Welcome to queirozf.com

Recent Posts


The world of code and software has well defined rules and few exceptions.

When, however, we use code to write applications and information systems, we're venturing into the world of humans (who are, after all, the ones who derive value from our applications), which has few, ill-defined rules and a lot of exceptions.

The software world needs fixed rules and few exceptions. The human world, whose interactions define what code needs to be written, is infinitely malleable and any rules have many exceptions.

If you've ever tried to model the day-to-day operations of a modern company into a computer system that's supposed to automate and optimize those processes, you know that this is neither easy nor clean. It's decidedly unpredictable and messy.

Process modeling is a world in and of itself. I'll not dwell too much on the ins and outs of process modelling; I'll focus on practical advice to make your experience in software development run smoother.

Suppose you have modeled everything you need and your system has gone into production. People start using it: creating, reading, updating and deleting data (this is what the CRUD acronym stands for).

But every now and then (or quite frequently if your system is used by a lot of people), strange errors start popping up: users start using your system in ways you hadn't thought of, funny data appears in the database and a decent amount of your time is spent correcting broken functionality rather than implementing new features.

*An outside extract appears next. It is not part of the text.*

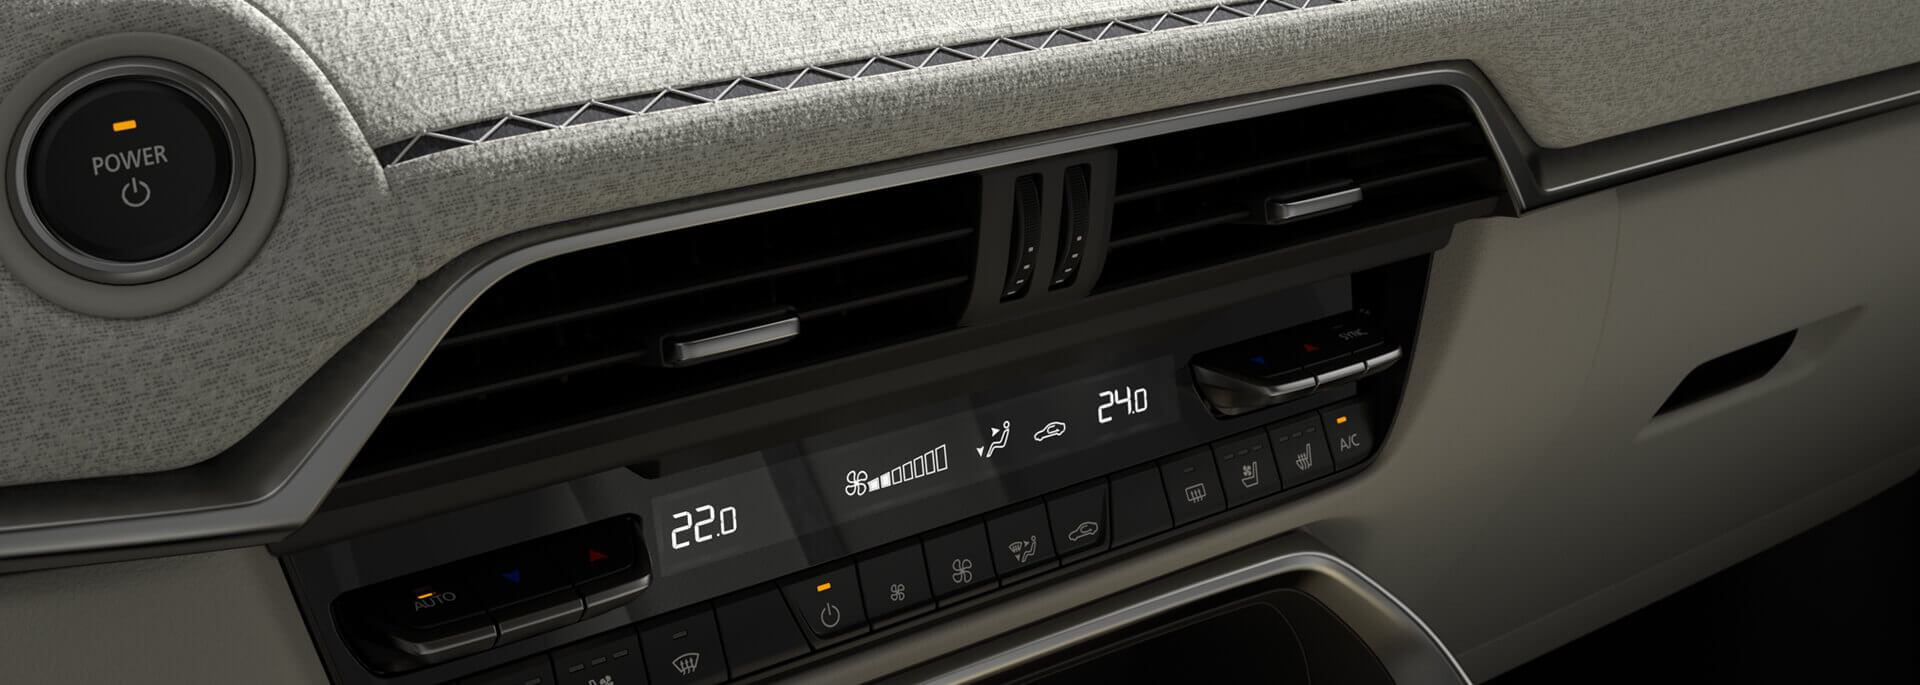 Η καμπίνα του ολοκαίνουργιου Mazda CX-60 με υλικά υψηλής ποιότητας και παραδοσιακά ιαπωνικά υφάσματα.

Every now and then, bad data causes errors at runtime which force you to work reactively (fixing bugs) rather than proactively (think about and implementing new features).

Lately I've spotted a recurring pattern when I need to fix something or find out why something that used to work now doesn't. It's generally due to bad data in the database.

And the fix to bad data problems is nearly always implementing more data validation when users enter data into your system.

What is meant here by bad data?

It's data that's maybe syntactically correct (i.e. there's a date where your system expects a date, or an integer where your system expects an integer) but semantically wrong.

In other words, data that is generally correct, but not for your system.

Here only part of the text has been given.